▶ _RECORDED DATA_
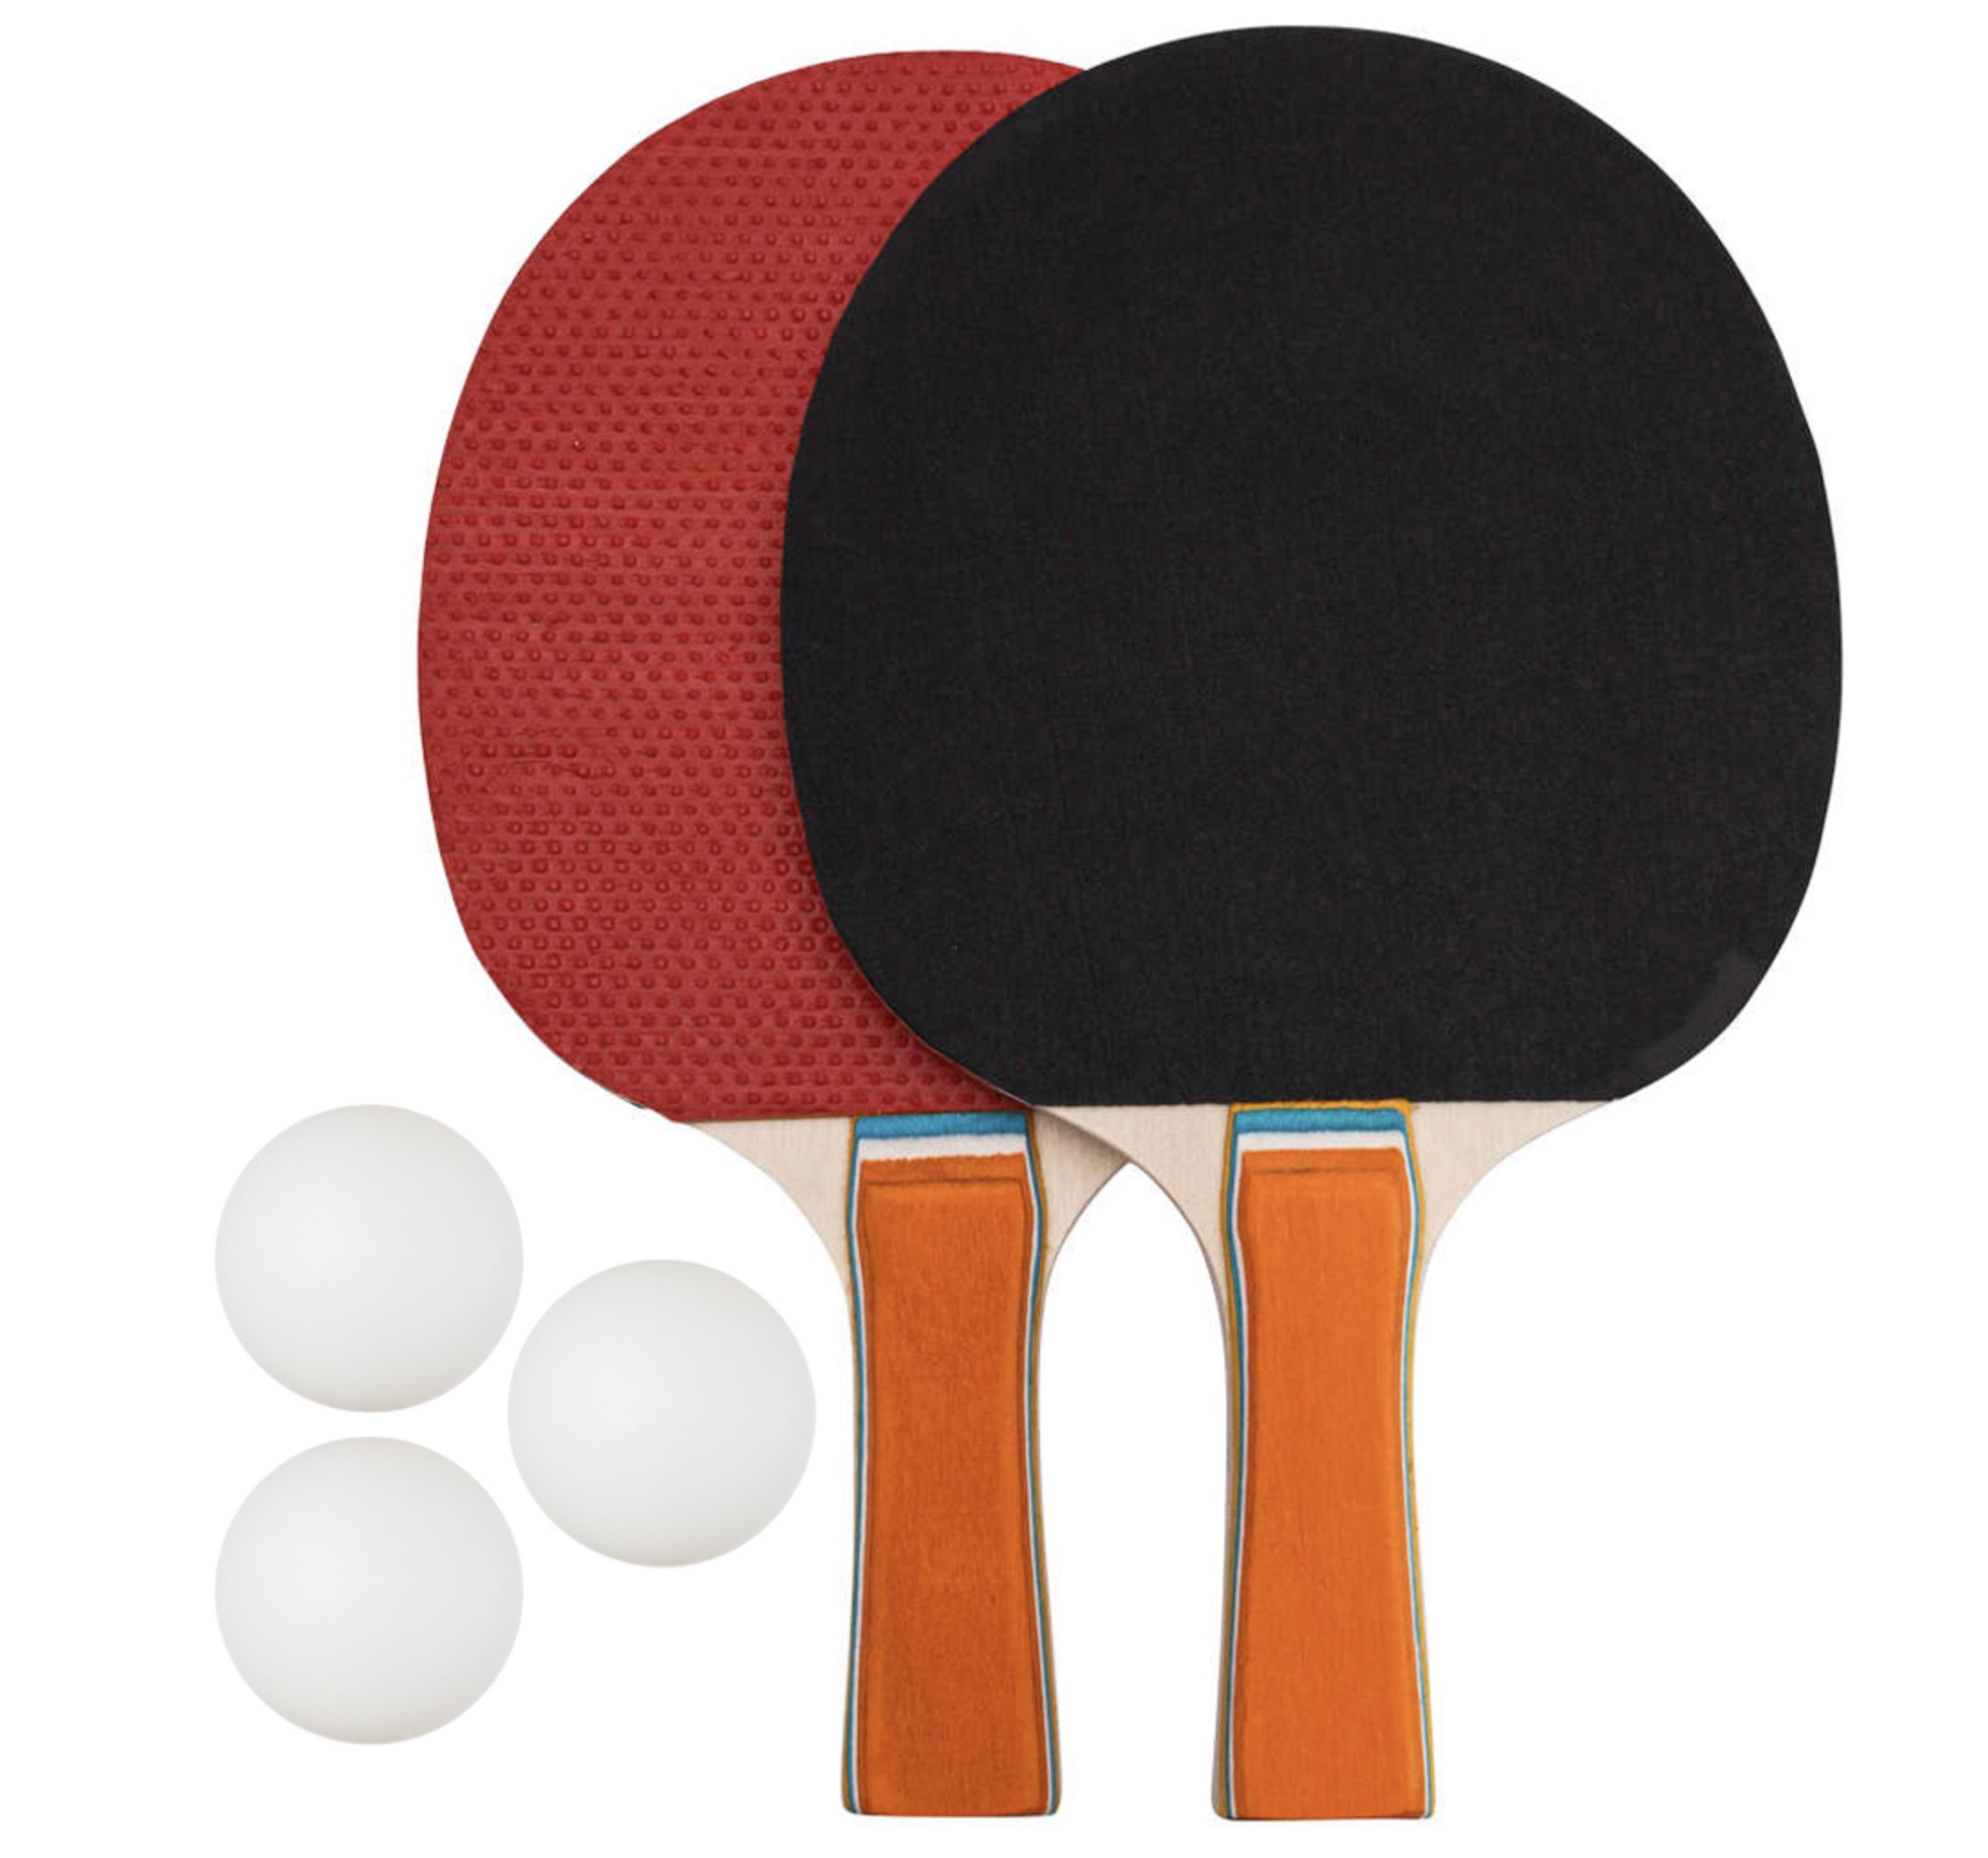 2er Set Jelex Topspin Tischtennis Schläger mit 3 Bällen für 8,94€ (statt 15€)
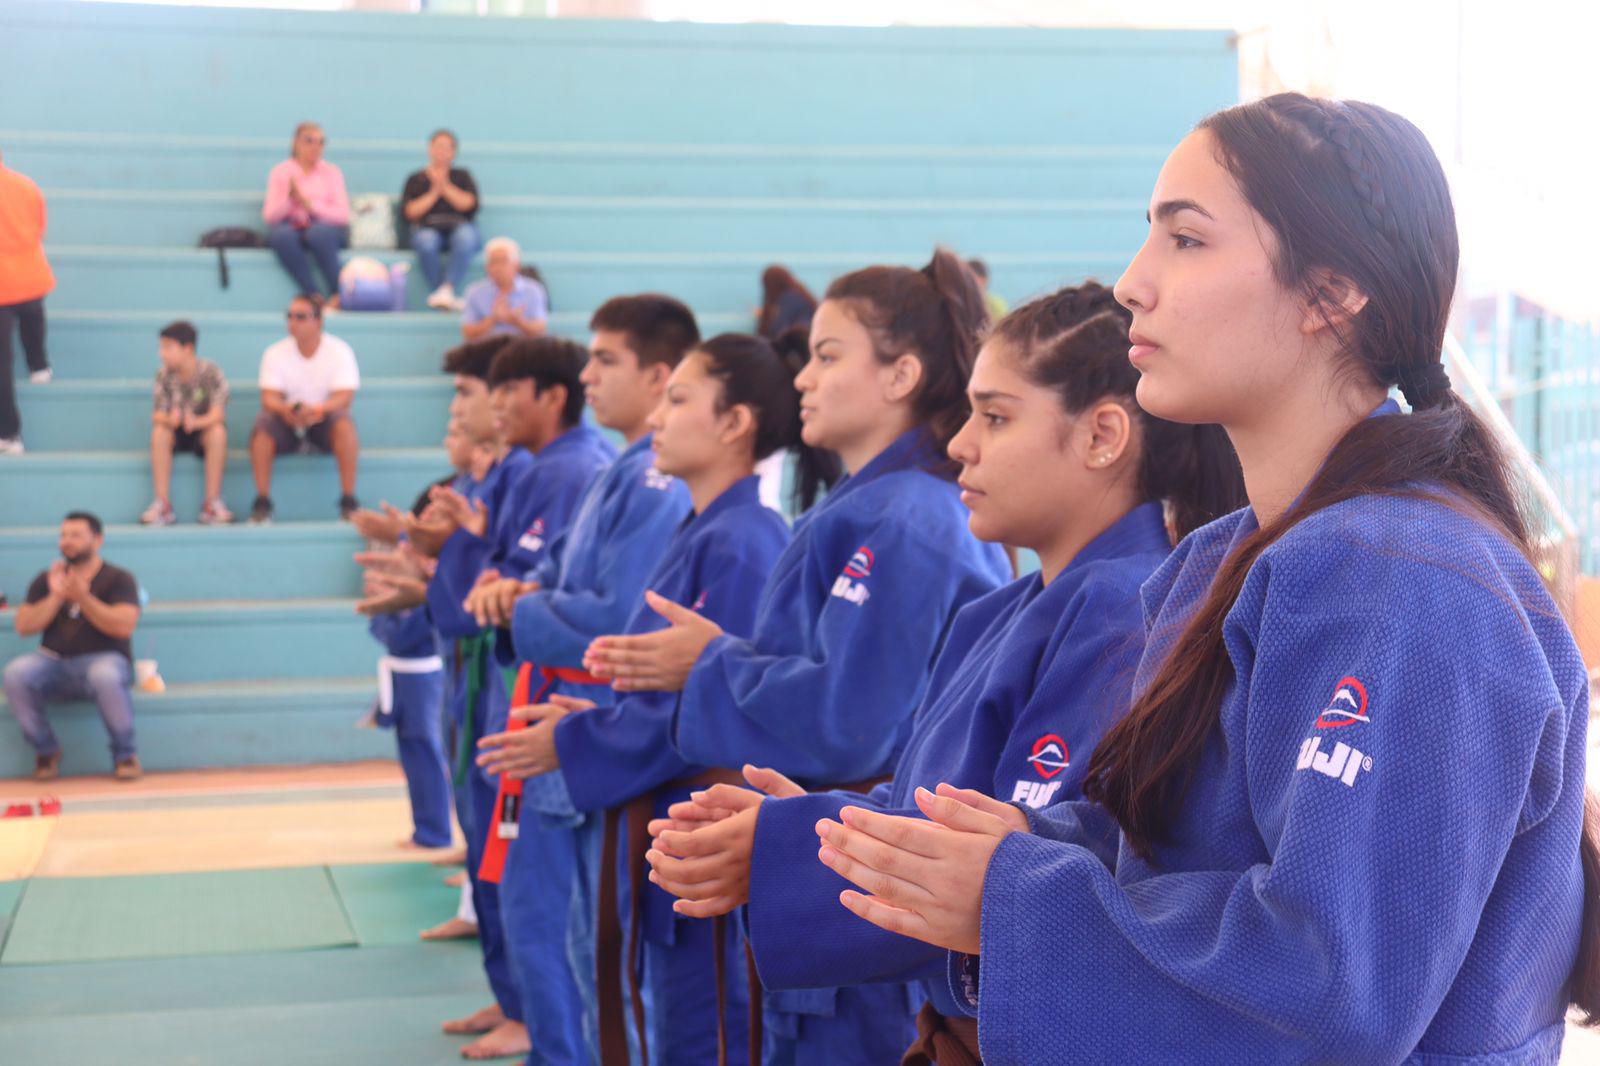 $!Reconocen legado del sensei José Medina Peraza, padre del judo en Mazatlán
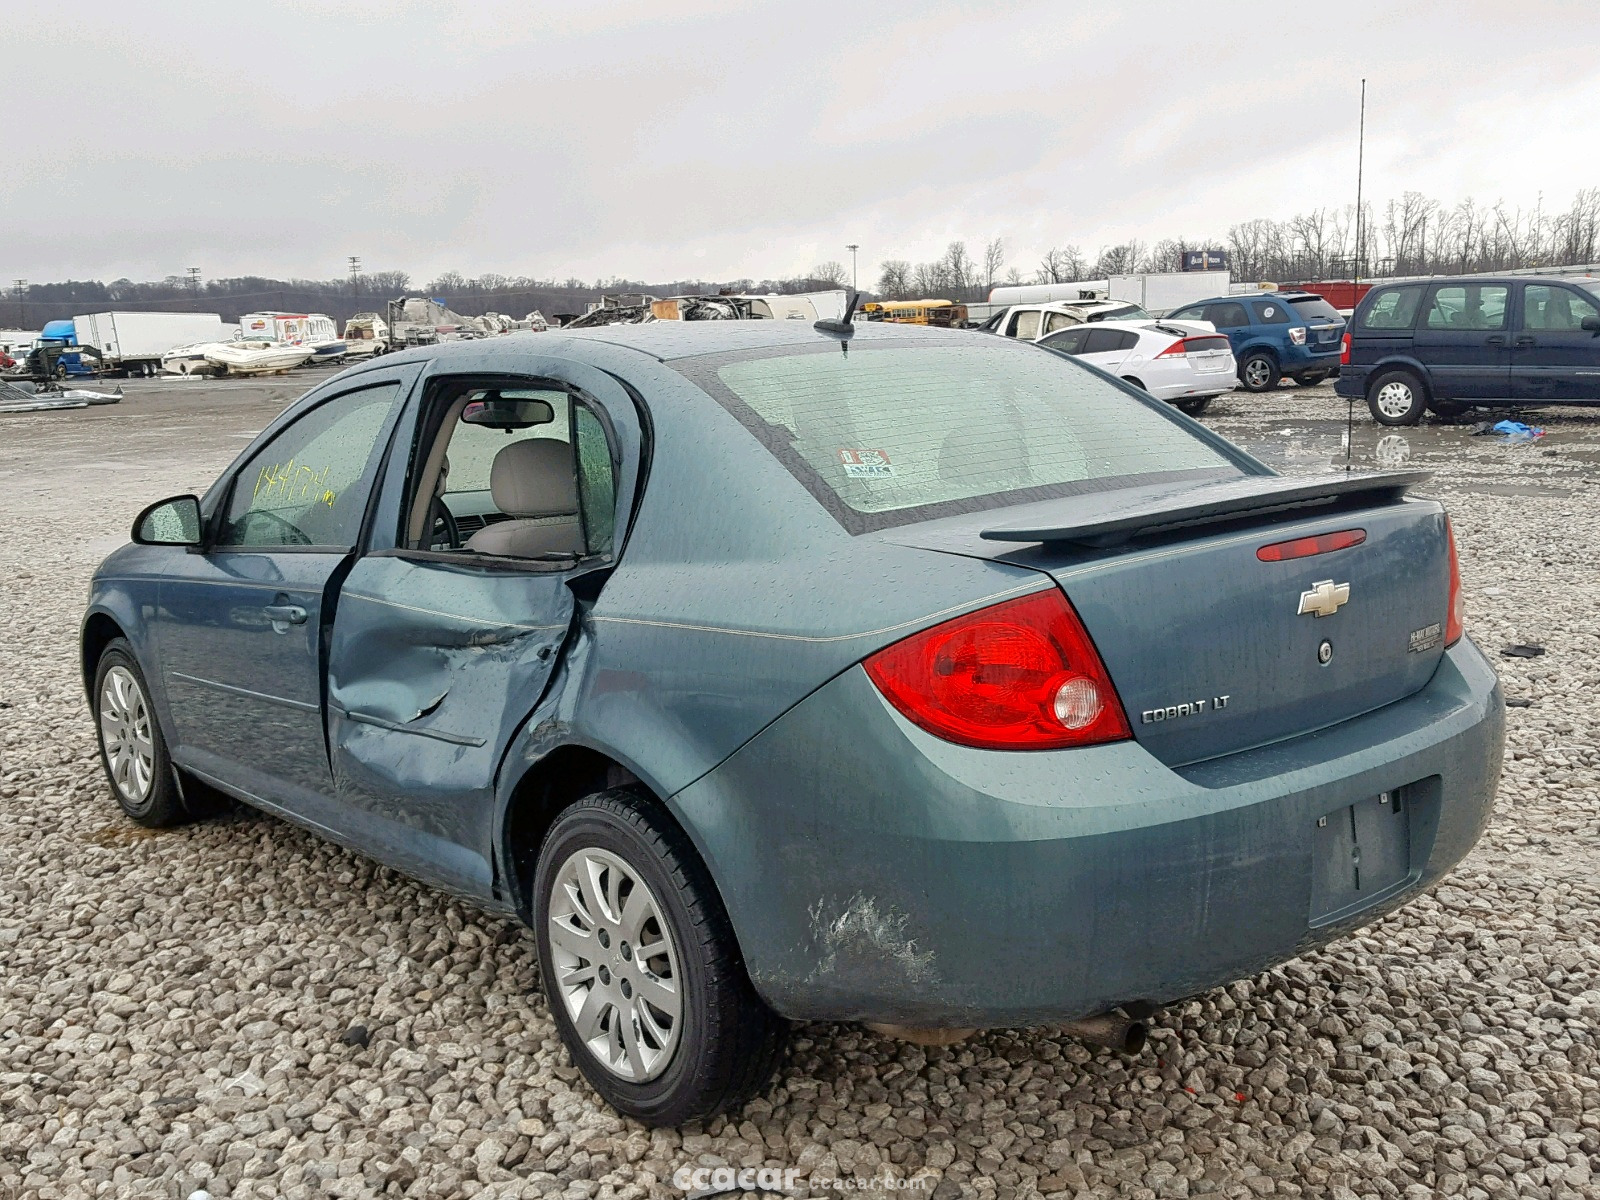 2010 Chevrolet Cobalt LT Salvage & Damaged Cars for Sale
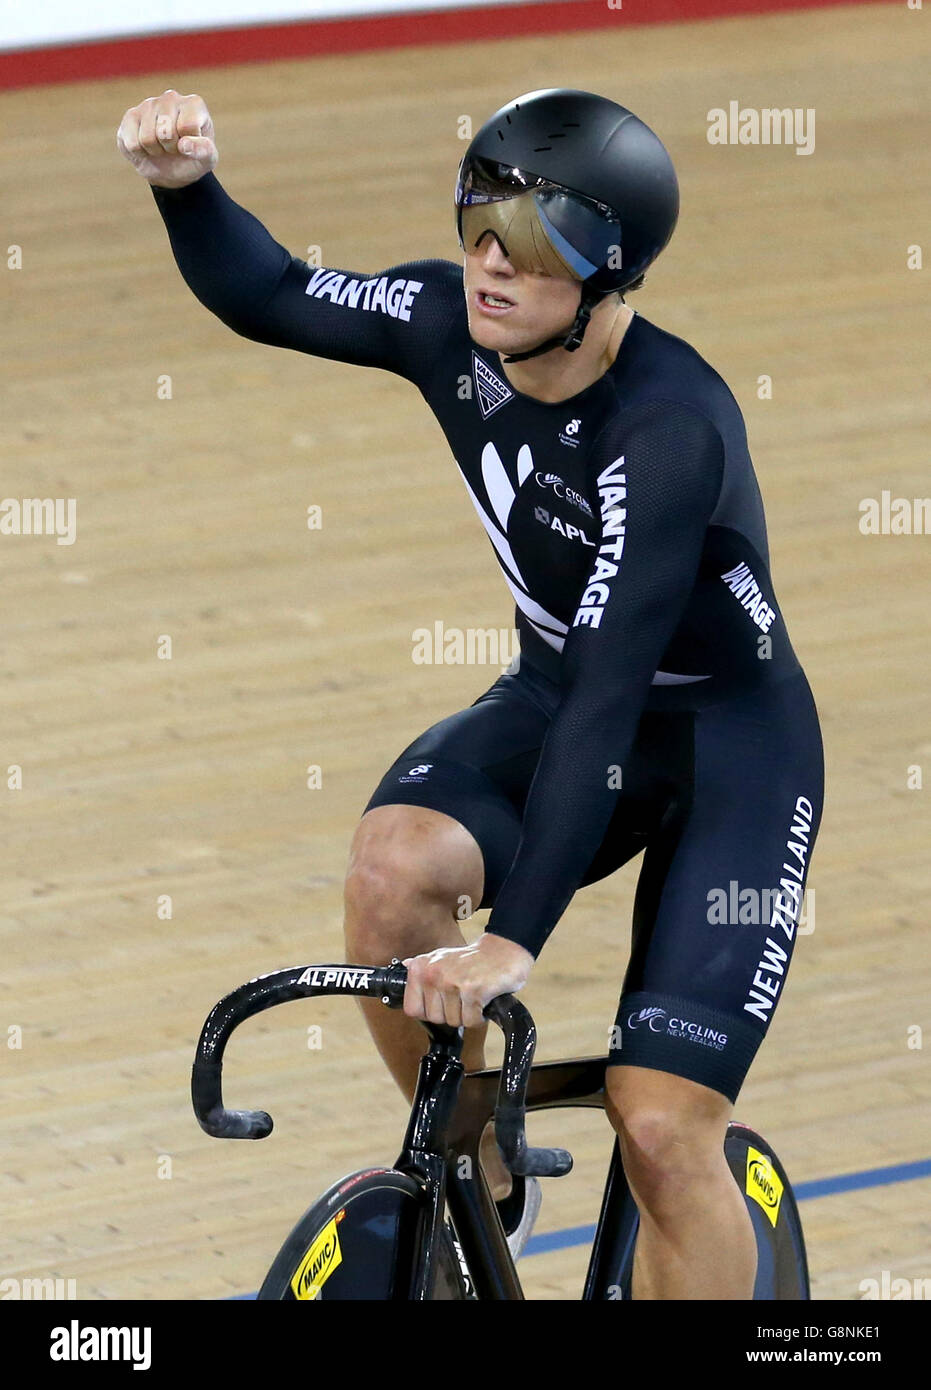 Ethan Mitchell, de Nouvelle-Zélande, célèbre après avoir remporté la finale du printemps de l'équipe masculine lors du premier jour des championnats du monde de cyclisme sur piste de l'UCI à Lee Valley Volopark, Londres. Banque D'Images

▶ _REQUIRED ACTION_
Copy out the whole listing exactly, and don't carry over any pictures.

▶ _OUTPUT_
 2er Set Jelex Topspin Tischtennis Schläger mit 3 Bällen für 8,94€ (statt 15€)
 $!Reconocen legado del sensei José Medina Peraza, padre del judo en Mazatlán
 2010 Chevrolet Cobalt LT Salvage & Damaged Cars for Sale
 Ethan Mitchell, de Nouvelle-Zélande, célèbre après avoir remporté la finale du printemps de l'équipe masculine lors du premier jour des championnats du monde de cyclisme sur piste de l'UCI à Lee Valley Volopark, Londres. Banque D'Images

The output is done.